Put another way, the input and output characteristics for specific lineages of nerve cells are stable; they have not changed even though the cells came to migrate in different ways during embryonic development and the adult cells have assumed different shapes in birds and mammals. 

. One of Ragsdale's examples is a chain of four nerve cells.  The input for the pathway comes from a neuron (dTh) in the thalamus, a brain region that lies the beneath the cerebrum; next there are two cells (green and blue) within the cerebrum, and finally the output (red) runs to the brainstem (Bst).

The neuron from the thalamus (black in the diagram) inputs to a cerebral nerve cell (green) that connects to a second cerebral cell (blue). These cells play similar roles in both bird and mammal brains.

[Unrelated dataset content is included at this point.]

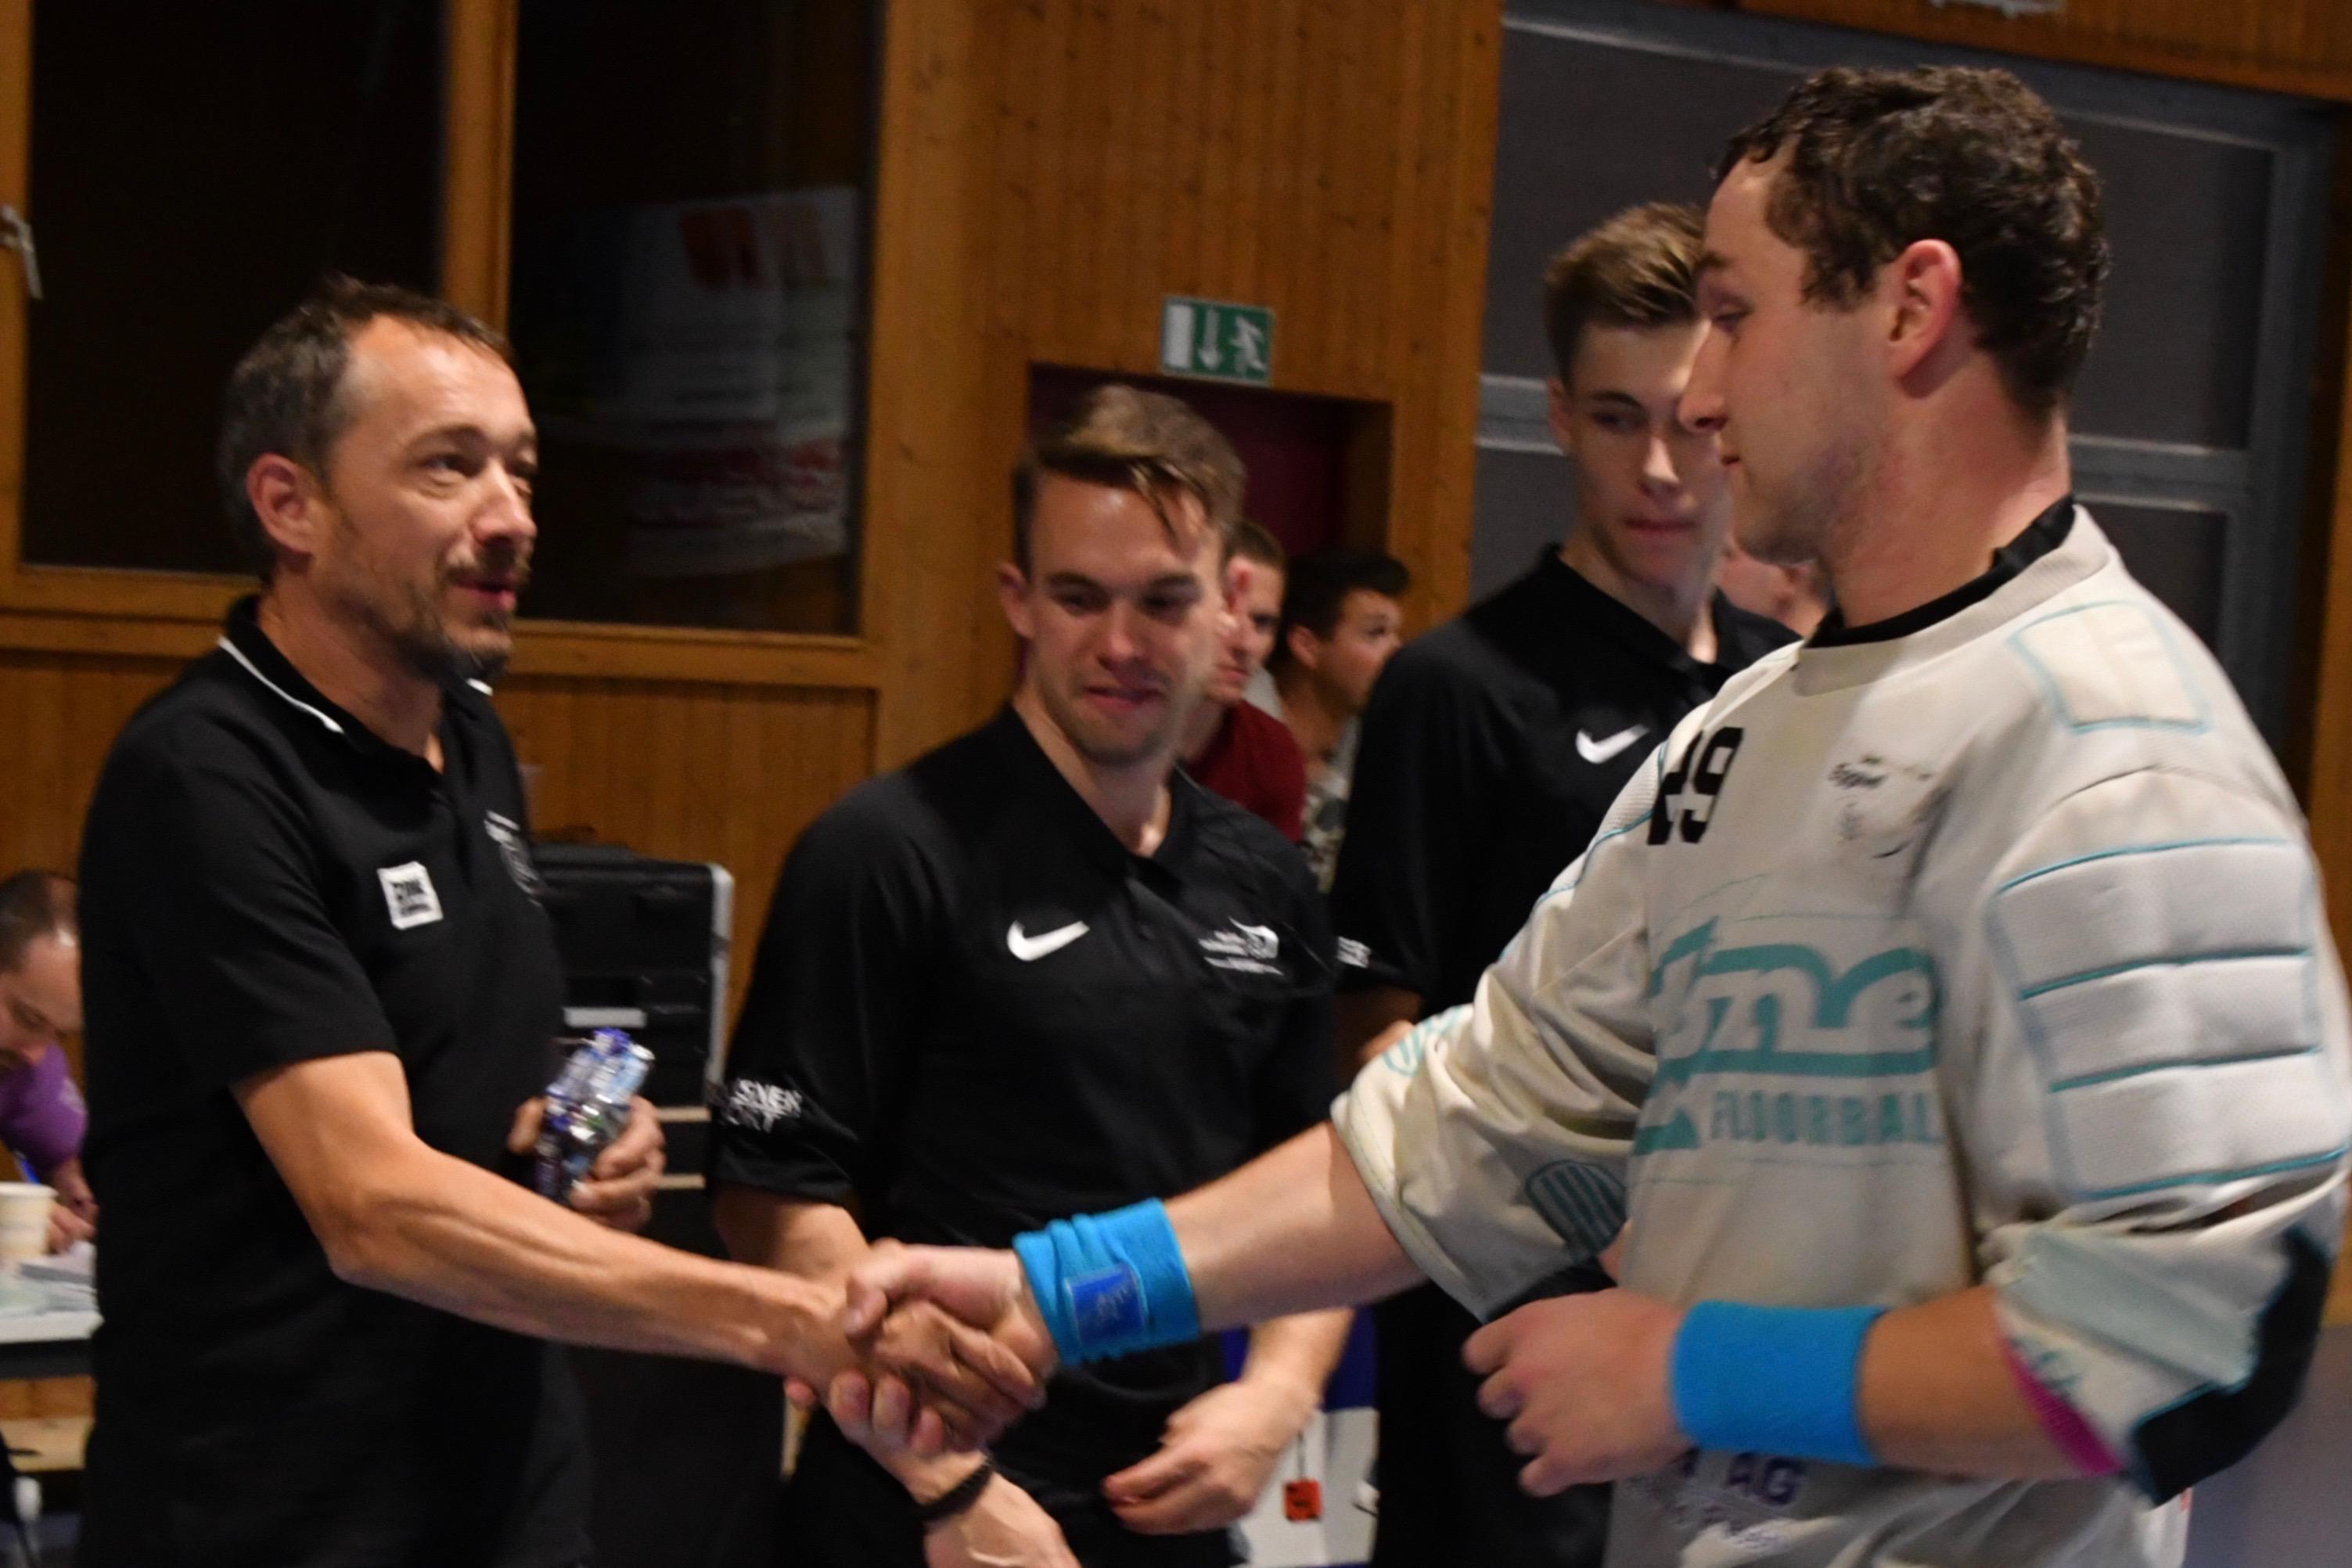 Herren II - Floorball Gruyères Avry Saison 2019/20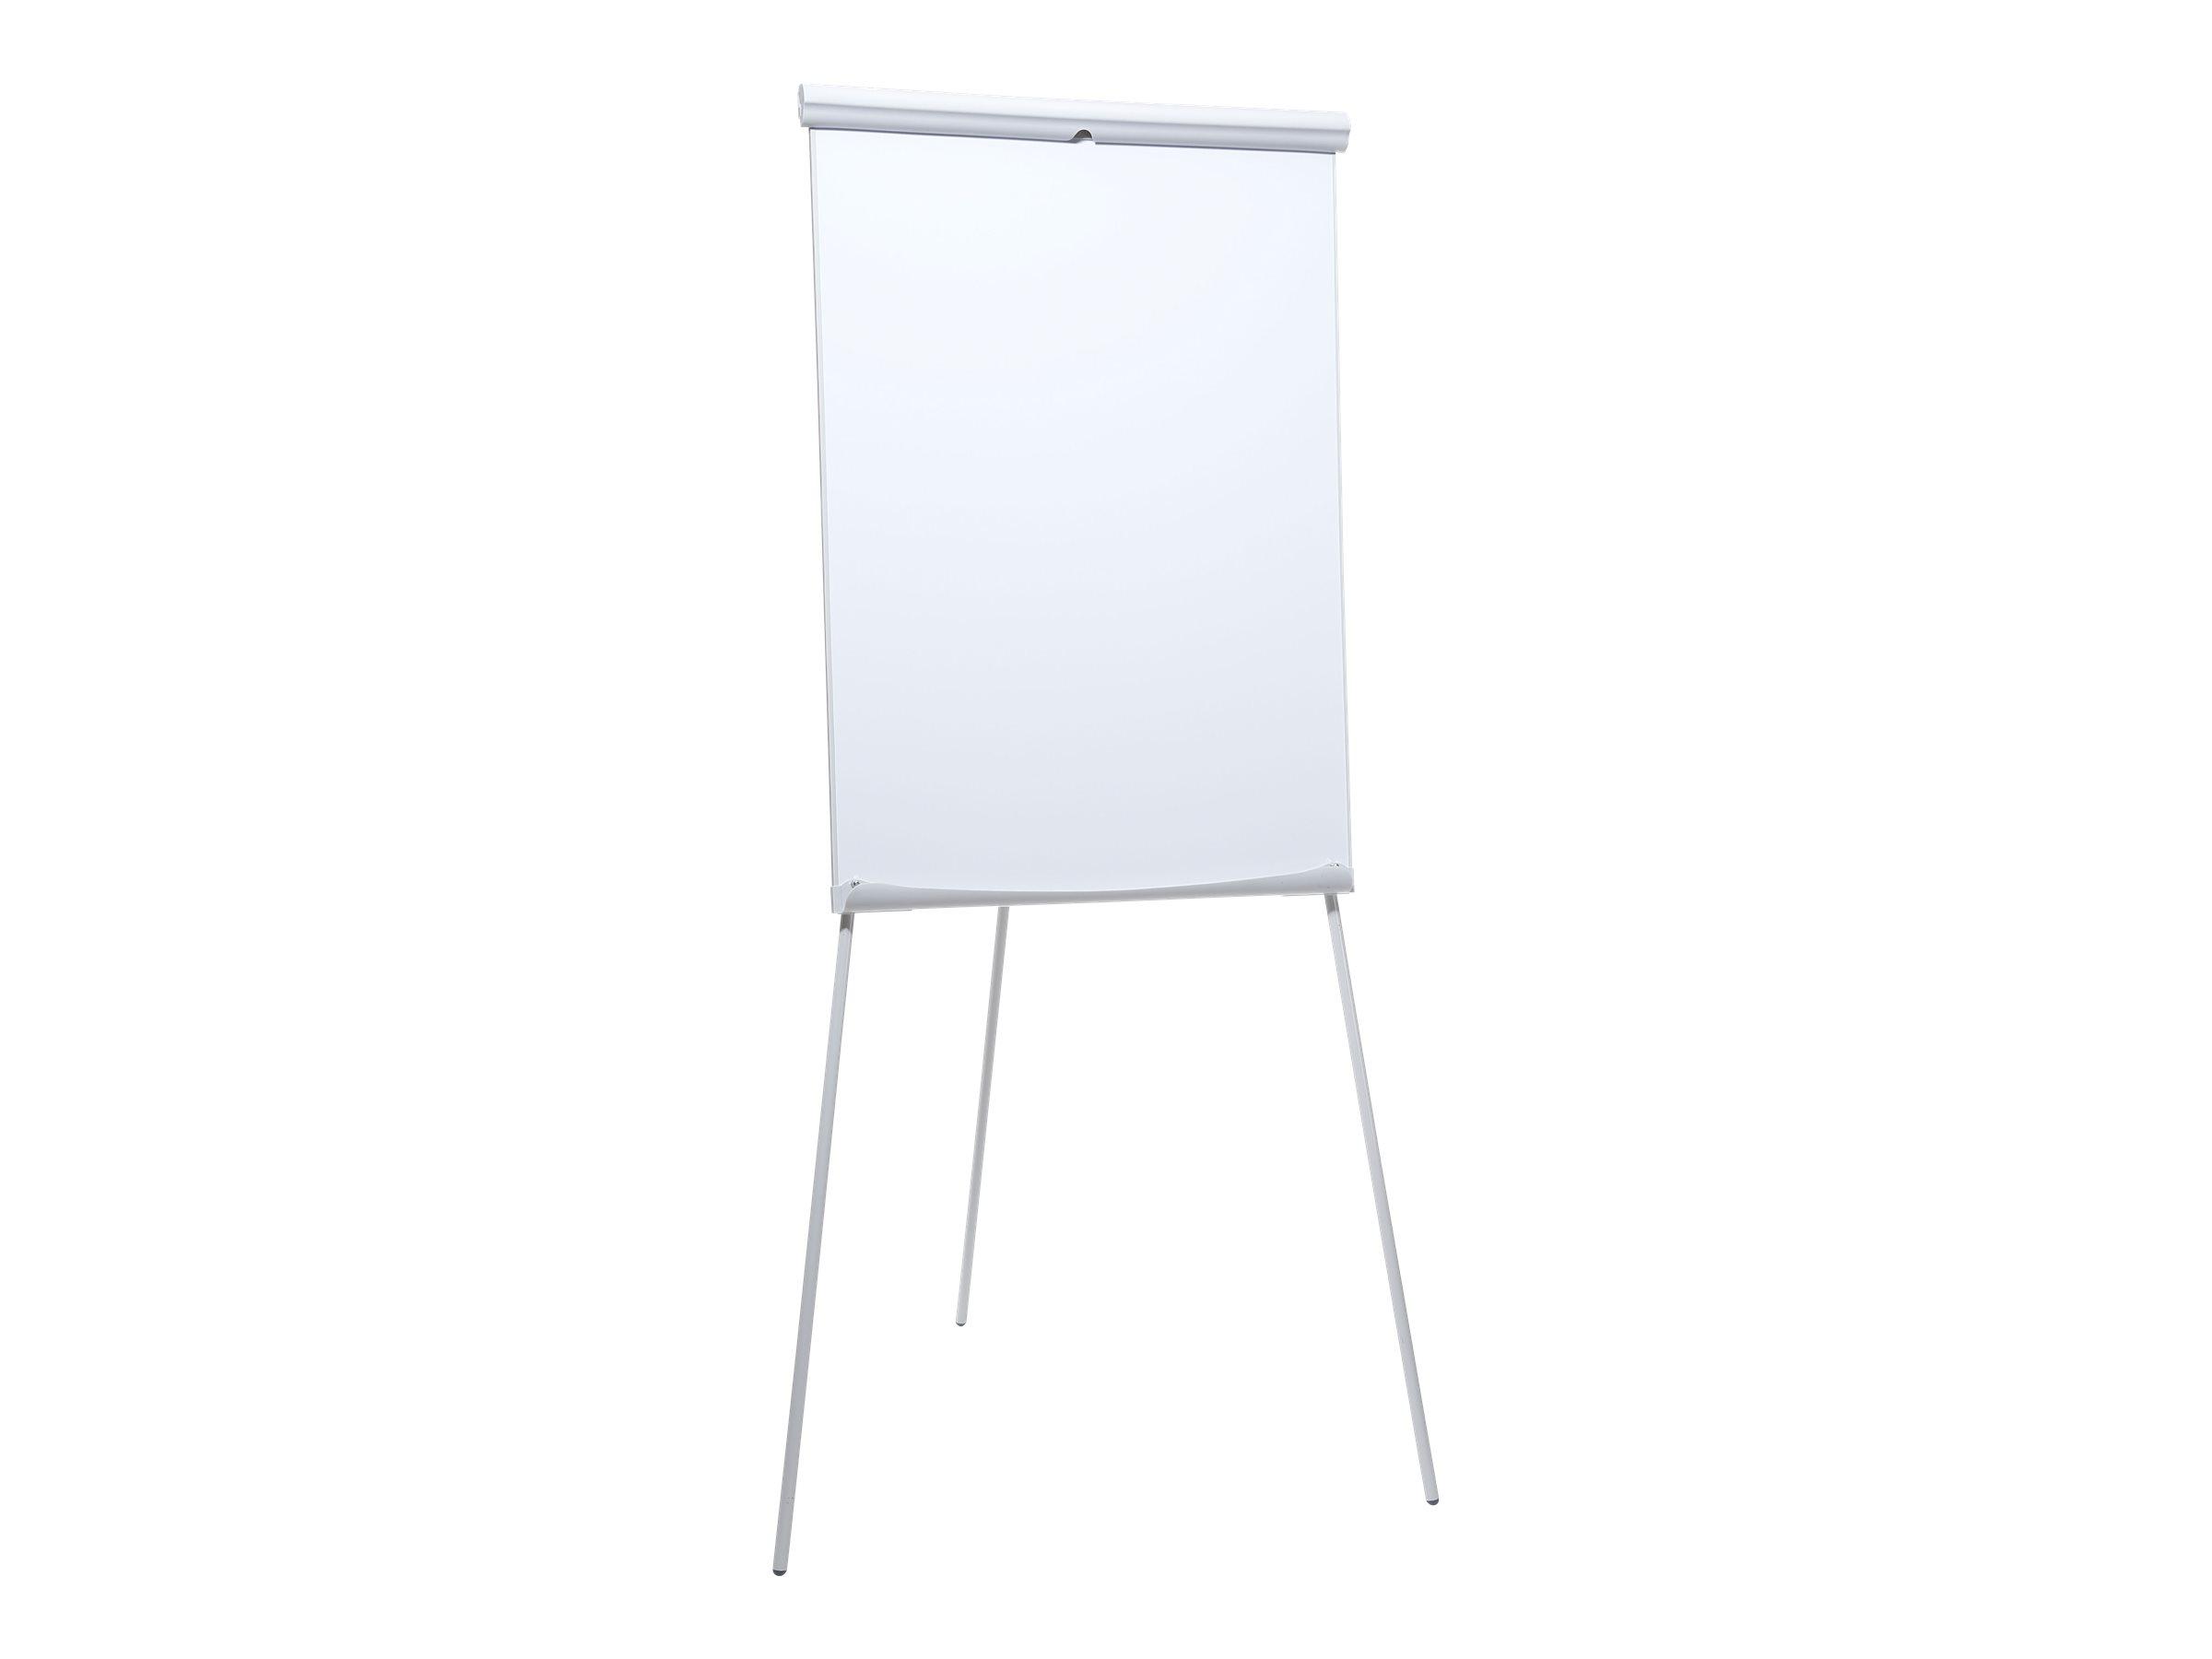 DAHLE - Chevalet de conférence - métallique magnétique - 68 x 92 cm - laqué - 3 pieds

But since the anatomy and geography of the cerebra have diverged, green cells are found in layer 4 of the modern mammal cerebral neocortex whereas they are packed within a nucleus of the cerebral entopallium in birds. Blue cells are in layer 2/3 of mammals and in the nidopallium of birds3.

When biologists try to map a brain function between mammals and birds, it can be confusing. Careful physiological, cellular, and developmental research on living creatures is required. 

Consider for example high-level cognitive functions, like paying attention, planning, multi-tasking, integrating converging sensory information, and monitoring of actions.

The "executive crossroads" for high-level cognitive functions in mammal brains is the prefrontal cortex (PFC) which lies at the front of the cerebrum. The equivalent center for convergence and coordination in bird brains, called the nidopallium caudolaterale (NCL), is at the rear of the cerebrum.

The drawing, borrowed from a paper of Onur Güntürkün4, shows brains of a human and a pigeon, viewed from the left side. The executive center of the human brain (PFC)  is at the front while that of the pigeon (NCL) is at the back of the cerebrum. 

Deciphering the bird brain is intrinsically exciting because it helps us understand and better appreciate bird behaviors that so many people find entrancing.

Perhaps even more interesting is the possibility that a better understanding of commonalities and contrasts between brains might offer new perspectives on the connection between anatomy and mentality.

In How birds think, we will draw upon field observations, laboratory experiments, and comparative biology to explore function, development, and evolution of bird brains.

References:
1. HS Terrace, 1987. Thoughts without words. In Mindwaves: Thoughts on intelligence, identity, consciousness, ed. C. Blakemore & S. Greenfield, Oxford Press.
2.  RG Northcutt RG, 2011. Evolving large and compact brains. Science 332:926-927.
3. J Dugas-Ford, JJ Rowell & CW Radsdale, 2012. Cell-type homologies and the origins of the neocortex. Proc Nat Acad Sci US 109:16974-9, doi:10.1073/pnas.1204773109. 
4. O Güntürkün, 2012. The convergent evolution of neural substrates for cognition. Psychol. Res. 2:212-219.